Thursday, April 14

critique of Miller & Slaters' use of a website, supporting their book...by Anne Beaulieu

…websites

[reference to the paper by Anne Beaulieu this paragraph is from]

Other non-paper based forms of publishing and communication have also been used by ethnographers Miller and Slater (Miller and Slater 2000). The ethnography which led to The Internet: an Ethnographic Approach, is linked to a website. This website aims to support the book: in its paper version, the table of contents and list of plates send readers to the website for illustrations, as does the back cover blurb: “An innovative tie-in with the book’s own website provides copious illustrations.” On this website,[1] one is indeed able to view a slide show of 6 home pages of websites. These are screenshots of websites (effectively, ‘photographs/snapshots of a single screen displaying one page of a website). These screenshots are shown as a ‘slide show’,[2] but are otherwise completely ‘frozen’ in terms of space and time and functionality. The pages cannot be stopped, or clicked upon, or accessed. They function as illustrations, but not as links or connections to a ‘live’ version of the web.
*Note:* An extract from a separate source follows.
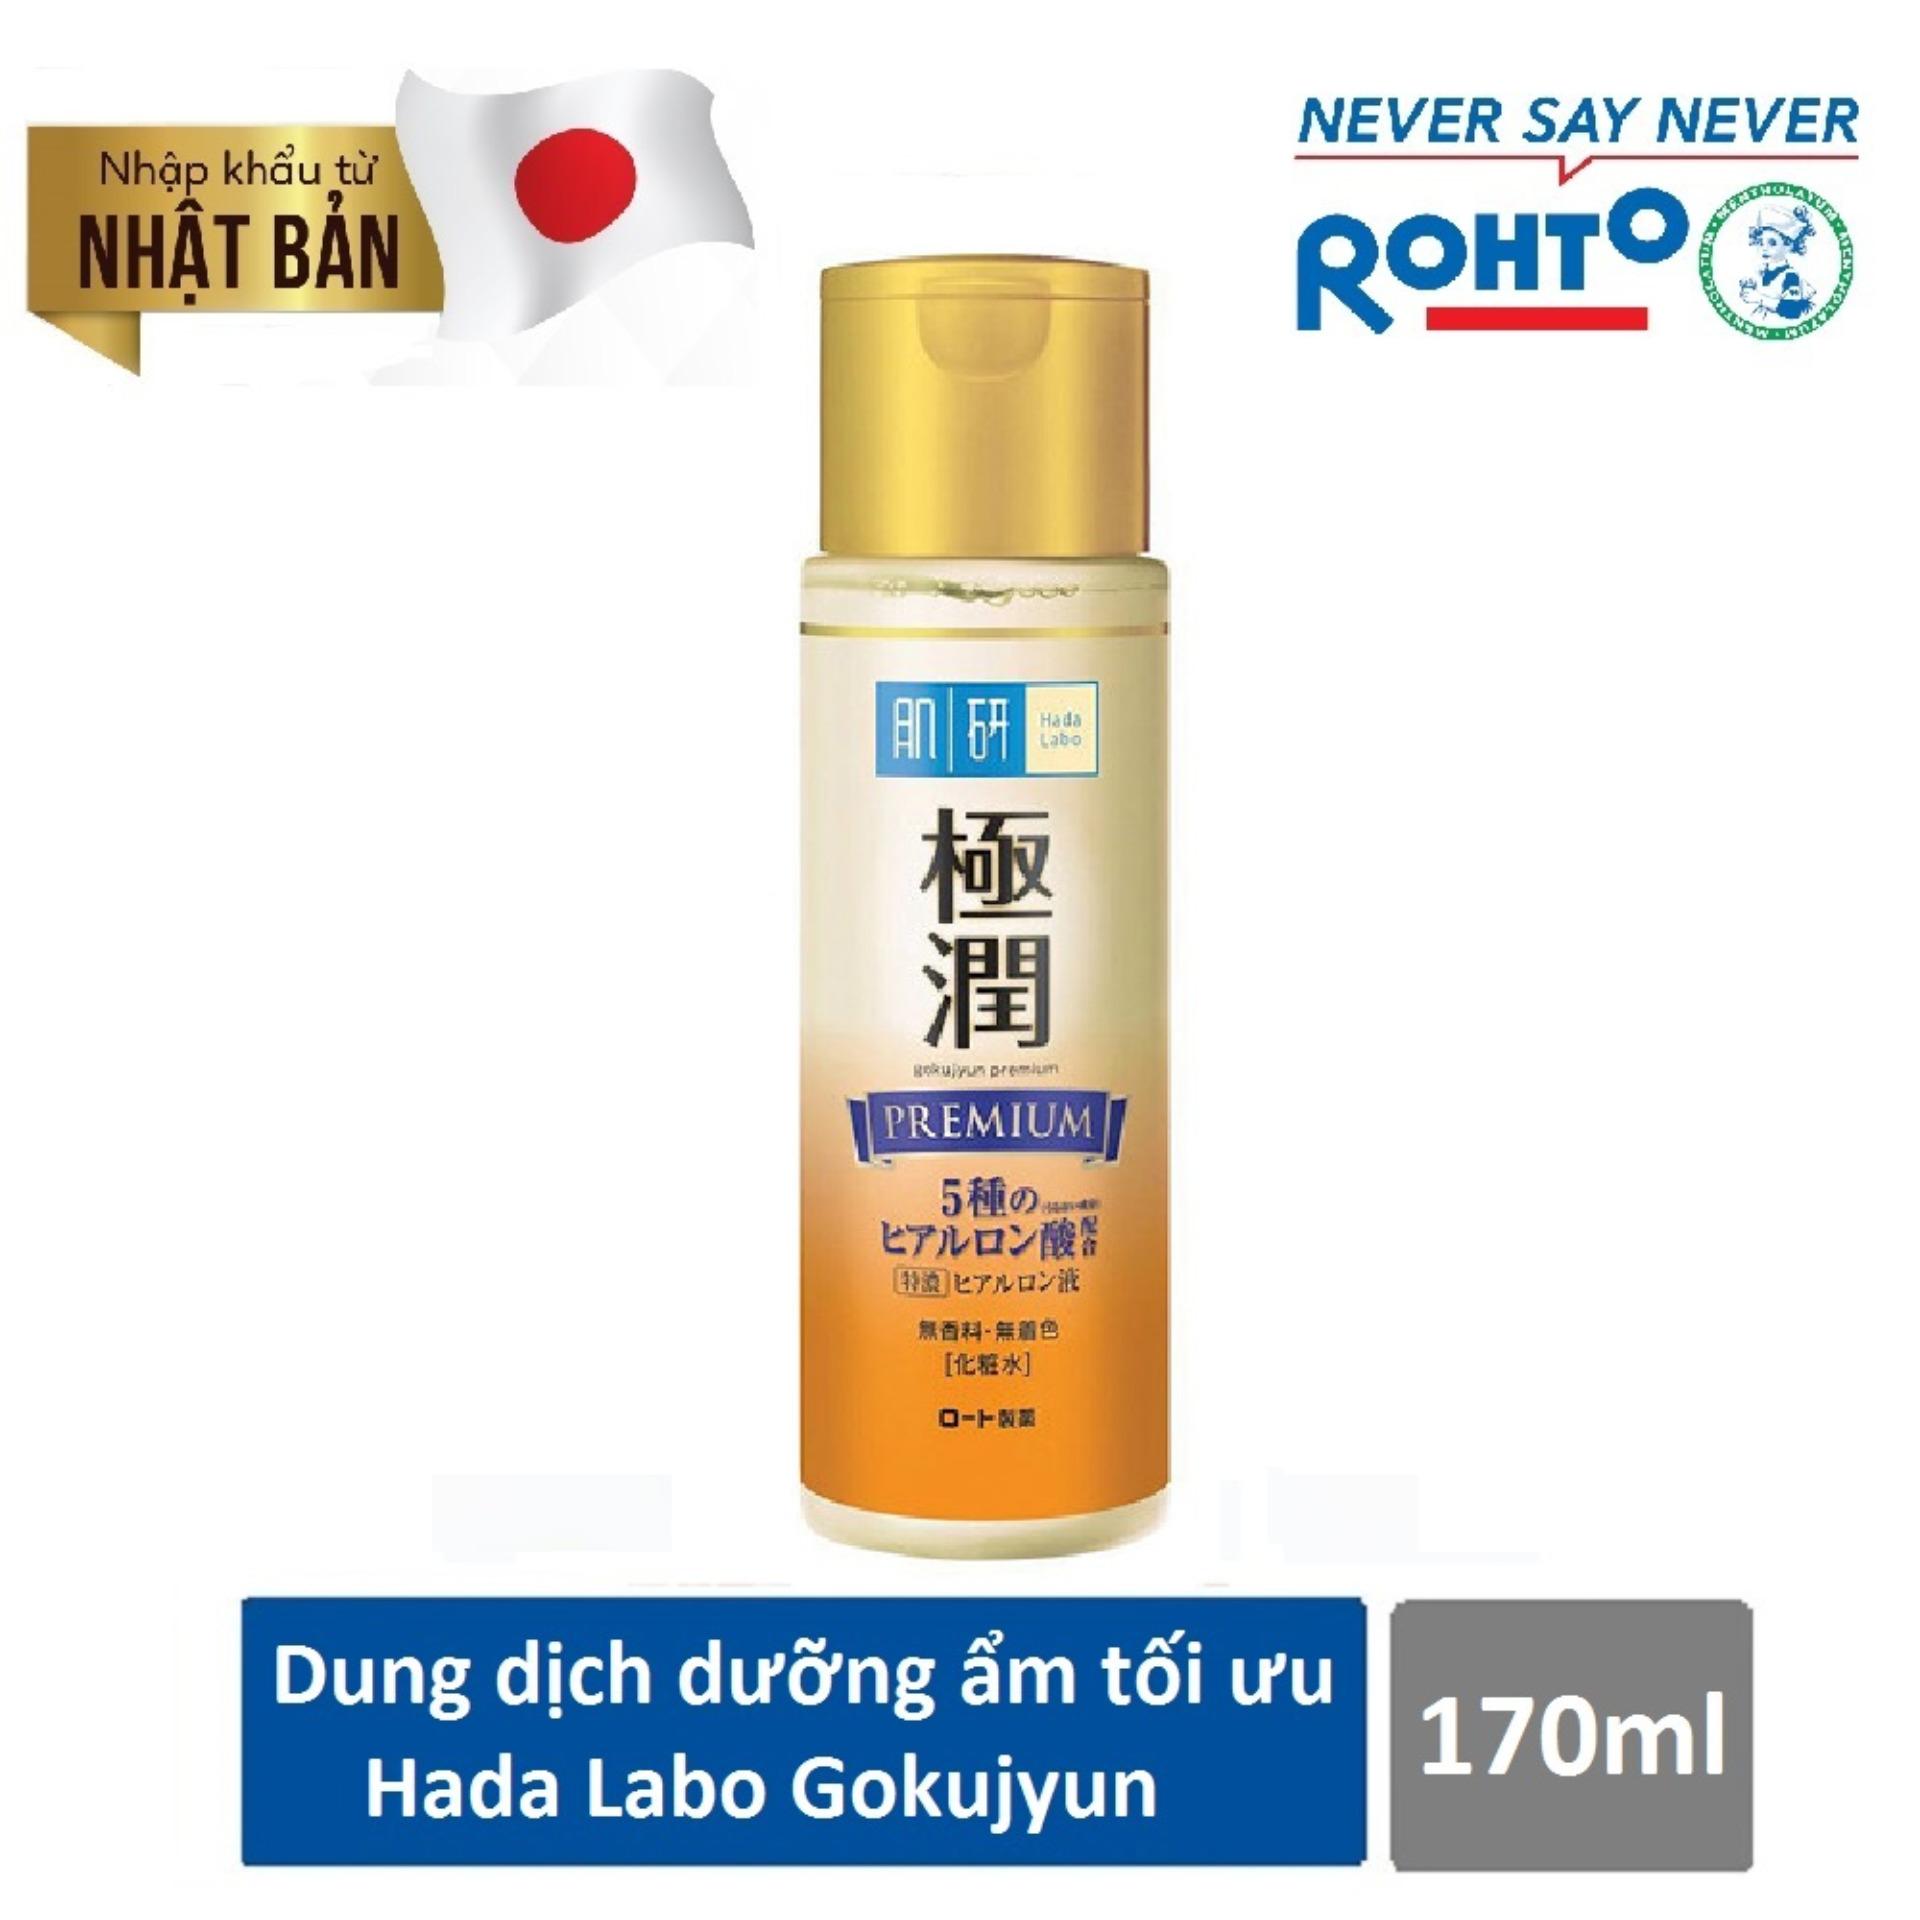 Dung dịch dưỡng ẩm tối ưu Hada Labo Gokujyun Premium Lotion 170ml ( Nhập khẩu từ Nhật Bản)

This is a surprising decision (to me), given that the technological implementation is not difficult. This representation can be seen as the internet version of freezing one’s object in time, a move that has a long critique[3] in the disciplinary tradition from which Slater and Miller are working. Incidentally, when tracing one of the Miss Trinidad websites mentioned in the analysis, I was led to a soft-porn website. This highlights one of the advantages of using screenshots on a self-controlled website. This provides stability to the object of inquiry, and enables at least part of the object to be seen by readers subsequently, as it existed when visited by the ethnographers.[4]

The website does try to sustain an intersubjective mode in the ‘discussion areas’ that are related to the main page. The discussion areas are structured according to the main themes of the book. These contain a handful of interventions by people who present themselves as readers of the book and/or ethnographers. Also, in the preface of the book, the authors explicitly request that feedback be sent to them directly, via email, and provide their own email addresses, as granted by their institutions. The fact that the website and email addresses are hosted by the institution of one of the authors perhaps further suggests that the authors see their use of the website as scholarly, collegial academic activities, somewhat separate from the field or from formal publishing. These invitations seem directed at communicating with colleagues about the final representation, though perhaps less about the process (i.e. the site appeared shortly before publication, most activity was in the months immediately following the appearance of the book) or about the object. Here, the internet is both a site for intersubjectivity (communication with colleagues) and a site for ‘illustration’ of the internet, fulfilling functions that the book is considered unable to perform.



[1] http://ethnonet.gold.ac.uk/ accessed 14 August 2003.

[2] Note the metaphorical appeals to other media, other representational technologies, to convey these practices.

[3] Among others. see Fabian, J. (1990). Time and the Other: How Anthropology Makes Its Object. New York, Columbia University Press.

[4] This is itself a complex issue for scholars of the internet. See Koehler, W. (2002). "Web page change and persistence - A four-year longitudinal study." JASIST 53(2): 162-171..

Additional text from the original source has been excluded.